I’m a bit torn over the P4 platform. I don’t think it deserves the hate, but I also don’t think it’s that great. I almost completely avoided the P4 generation back in the day. I got impatient waiting for the Core 2 Duo, so I bought a cheap Cedar Mill Celeron to pair with a 945P motherboard to later host a Conroe CPU. I ended up replacing both about a year later with a Wolfdale CPU and P45 motherboard. It didn't wow me at the time, but it did seem adequate for then-modern computing.
The P4 was clearly designed to operate at huge clock frequencies (5GHz +) due to the extremely long pipelines in the Netburst architecture. Unfortunately, its design arrived way ahead of its time. Intel’s manufacturing processes over that 6-year period just couldn’t handle that level of performance. The P4 ran too hot and at very high (for the time) power levels, and the branch misprediction rate at low speeds hurt overall performance.

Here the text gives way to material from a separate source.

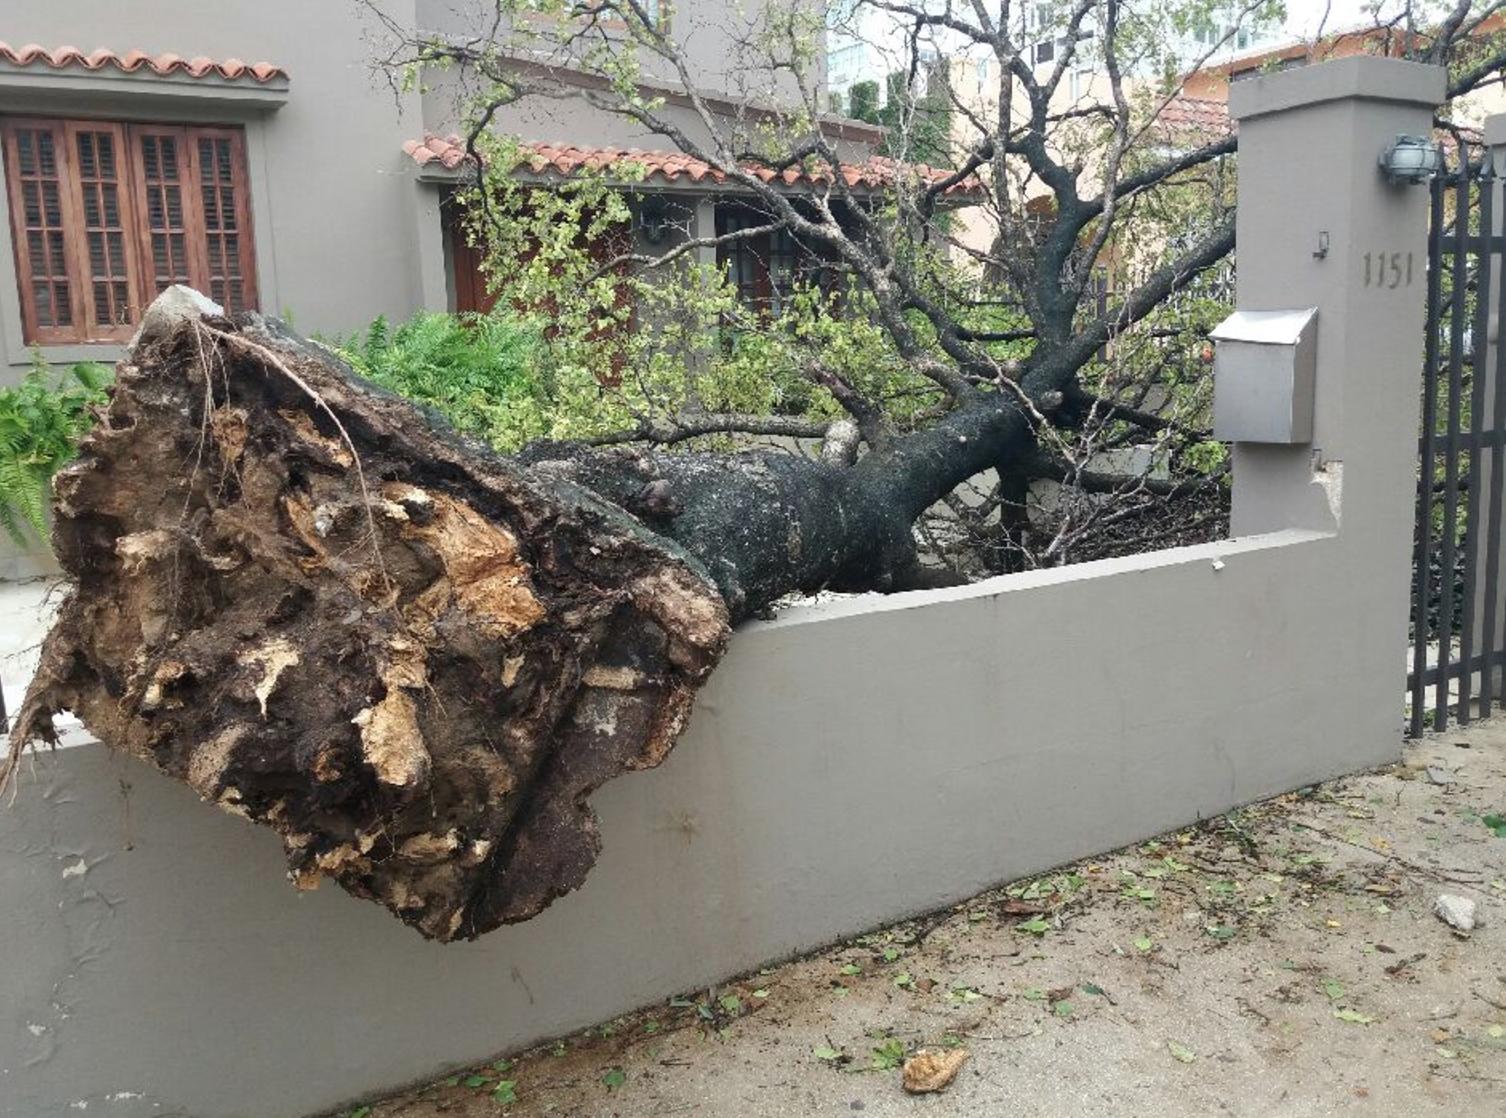 Trees Down In Puerto Rico From Hurricane Irma Photo: Rachel Gikas, Condado

These days, I find both issues quite quaint. Unless you plan to build a SFF system today, nobody seems to bat an eye at CPUs that dissipates 100W+ of power in Turbo mode (some over 200W) and tolerate nearly 100 degrees C during nominal operation now. Intel has also slowly extended the pipelines of modern performance cores to the same length as the Northwood cores, but they improved their branch prediction algorithms dramatically over time. Now that performance cores can operate at 5GHz+, nobody seems to care about either issue.
I actually think that P4s are decent processors in retrospect. My issue is that, outside of a few edge cases that I’ll cover below, they don’t represent the best of breed.
If you want a retro rocket for Win9x, you have plenty of choices that exceed the P4 in raw performance with both AGP and PCIE graphics support. If you want PCI graphics (say a Voodoo card), you also have plenty of better options than the P4. The same goes for Windows 2000, XP, Vista, 7, 10, and 11.
As for DOS, speed kills. Yes, you can slow a modern CPU (such as the P4) down, but you might feel better served with an older platform (386, 486, Pentium, etc.) than a P4. I can’t think of any DOS applications that truly benefit from the raw performance of a P4 that you couldn’t meet with a Pentium MMX 233MHz. I still have issues getting a P4 slow enough for some games even with CPUSPD. And if I want a superfast DOS machine, my Haswell i7 and Yamaha YMF744 can handle both quite well (amongst other fully DOS-compatible systems in my collection).
I do own a P4 system that I use as a retro rocket. In my case, I have a Pentium D 945 (2 core, 2 thread, 3.4GHz) on a DFI/Itox G7S620 to provide nearly the fastest platform possible with functional ISA slots for operating systems that require ISA peripherals to provide sound (Windows 3.0 MME, OS/2 2.x, NT 3.1, and early versions of x86 Solaris). I doubt many people would drop several hundred US Dollars for such a build, but I would. At the same time, I have other builds for different OS’s, and I would not have used a P4 for any of them.
All that said, the later socket 775 P4s on a motherboard with ISA slots do represent a kind of one size fits all system that can effectively handle every x86 and x64 OS from DOS 1.0 to Windows 10 x64 (and likely Windows 11 with mods). I just don't think the P4 platform would be the best for most of them.